Thanks for reading, and check back soon for the last week's summary!

Monday, February 8, 2016

A Saratov week

Codeforces has hosted yet another company-sponsored round last week, AIM Tech Round (problems, results, top 5 on the left). scott_wu has demonstrated an amazing bug-finding performance by challenging six other solutions, but in the end just his problem-solving speed alone would be enough for the victory. Congratulations!

TopCoder SRM 681 on Saturday (problems, results, top 5 on the left) has provided the competitors with an unorthodox medium problem. I had no clue how to solve it, so hats off to kcm1700, the only competitor to solve all three problems and claim a well-deserved victory!

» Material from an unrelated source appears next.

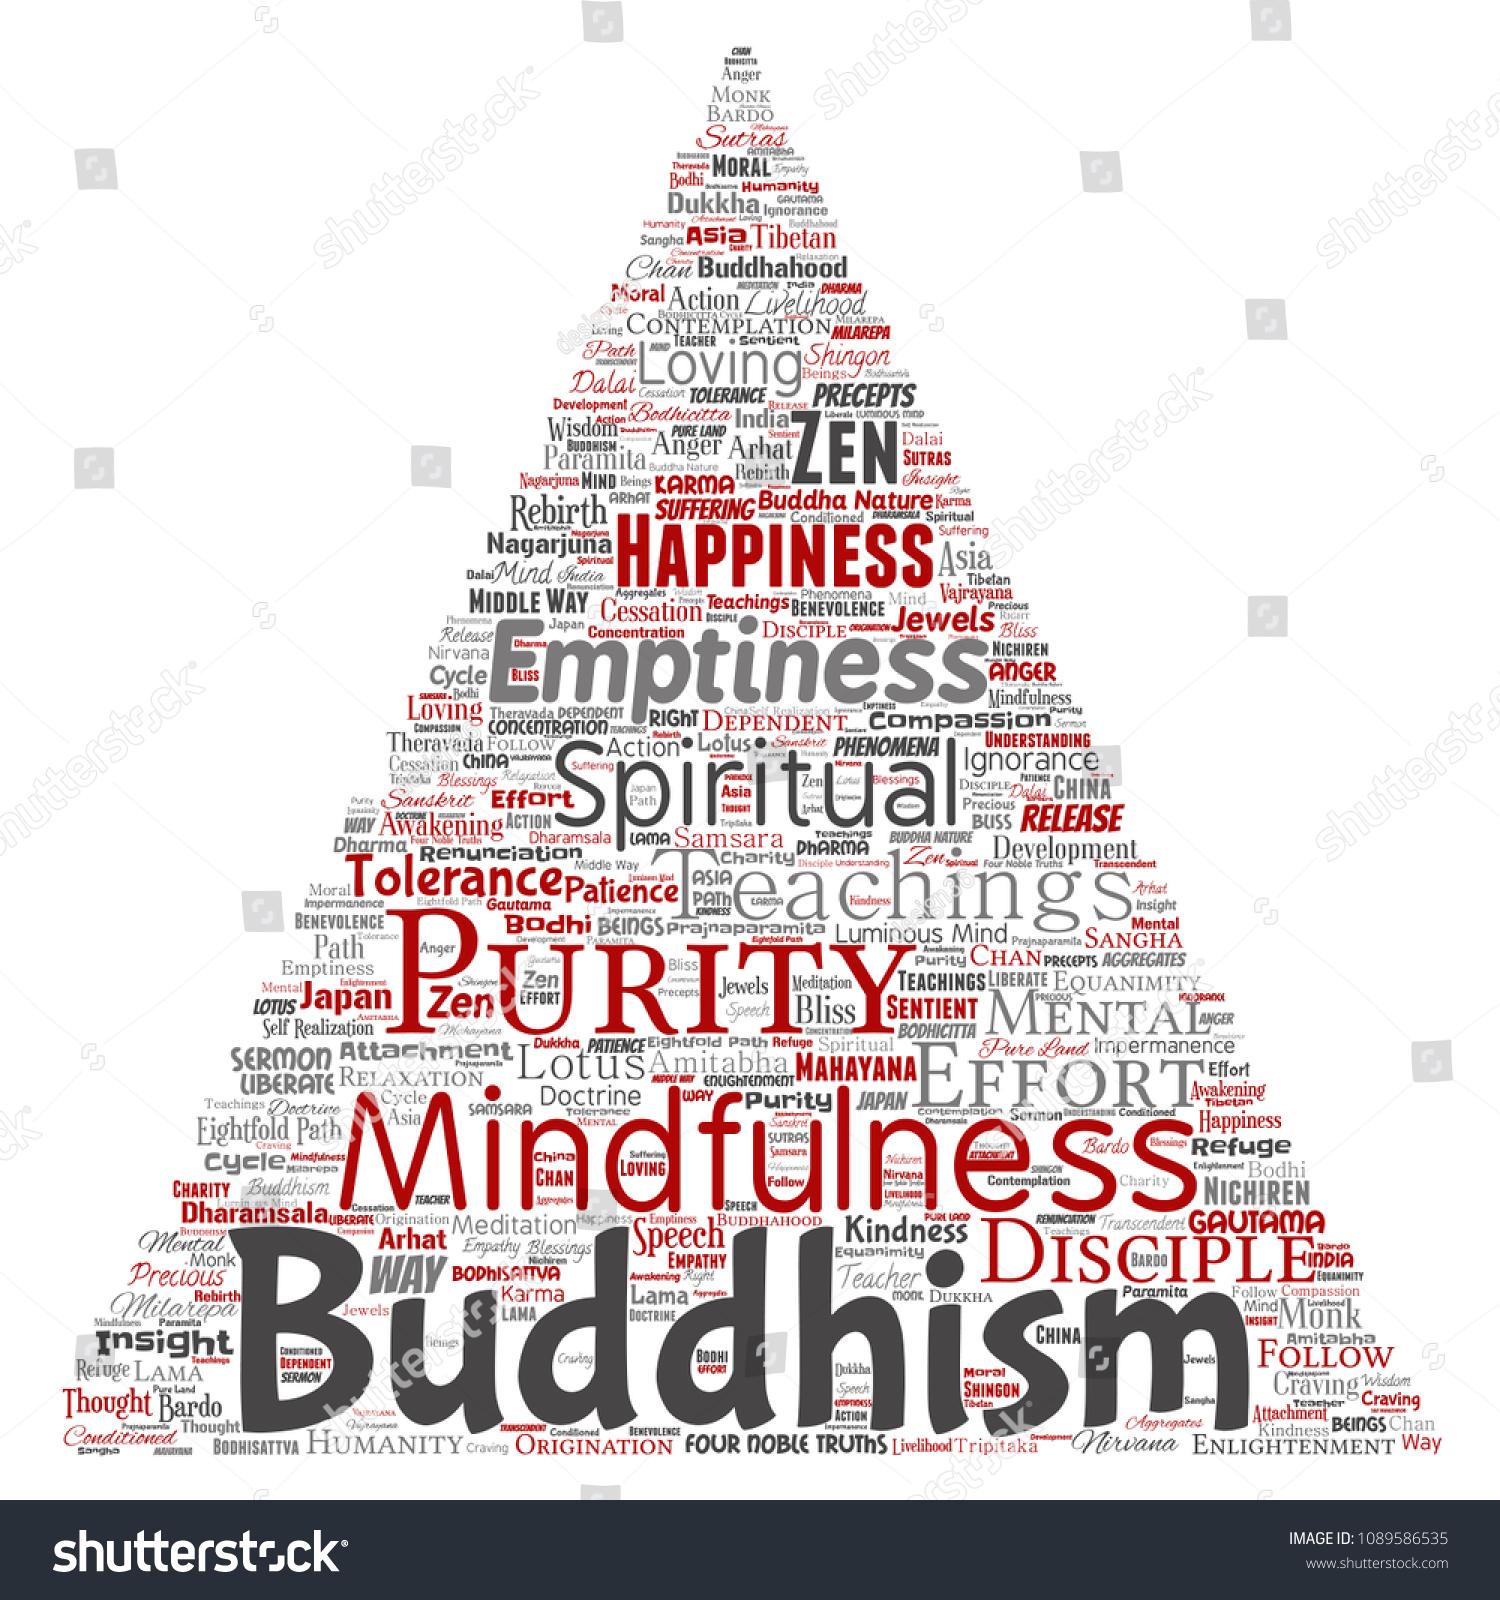 2019 year looks- Buddhism karma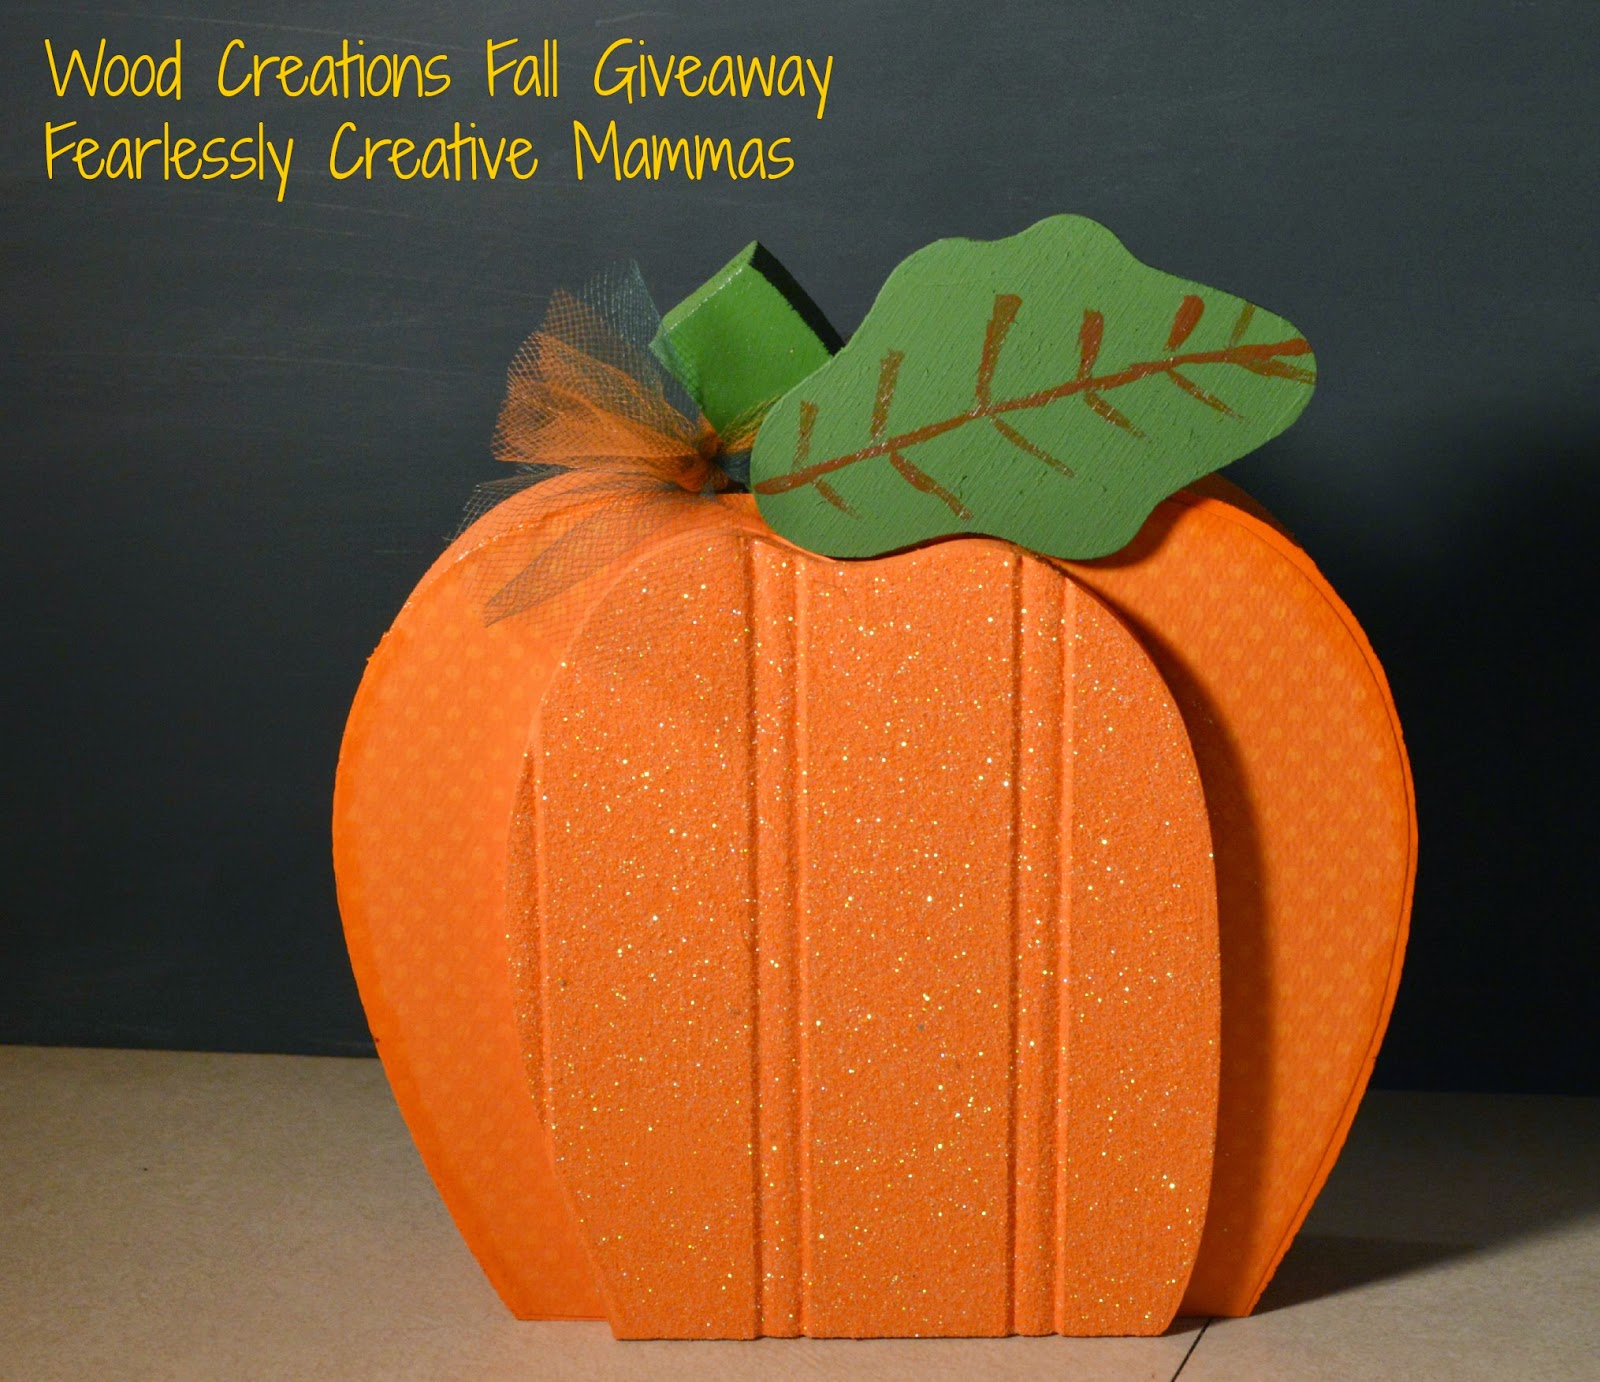 Fall Pumpkin Decorations Plus a Giveaway

Here's what that problem was about. You are given a sequence of 10 million numbers. To be more precise, you're given a way to generate it: start with a given number X₀, then repeatedly compute X_i= ((X_i-1 xor A) + B) mod 2⁵⁰, where A and B are also given. You're looking to find the radius of each element in the sequence, defined as the largest number k such that the previous k elements and the next k elements are strictly less than the given element, and return the sum of the radii for all elements. The catch is, you have to do it while using at most 1 MB of memory - so you can only store about 1% of the sequence in memory at the same time!

Open Cup 2015-16 Grand Prix of Saratov (problems, results, top 5 on the left) has capped the week with another very nice problemset. Problem C, which we couldn't solve during the contest, turned out to have a very beautiful solution - so kudos to Past Glory team on solving it on the way to the first place!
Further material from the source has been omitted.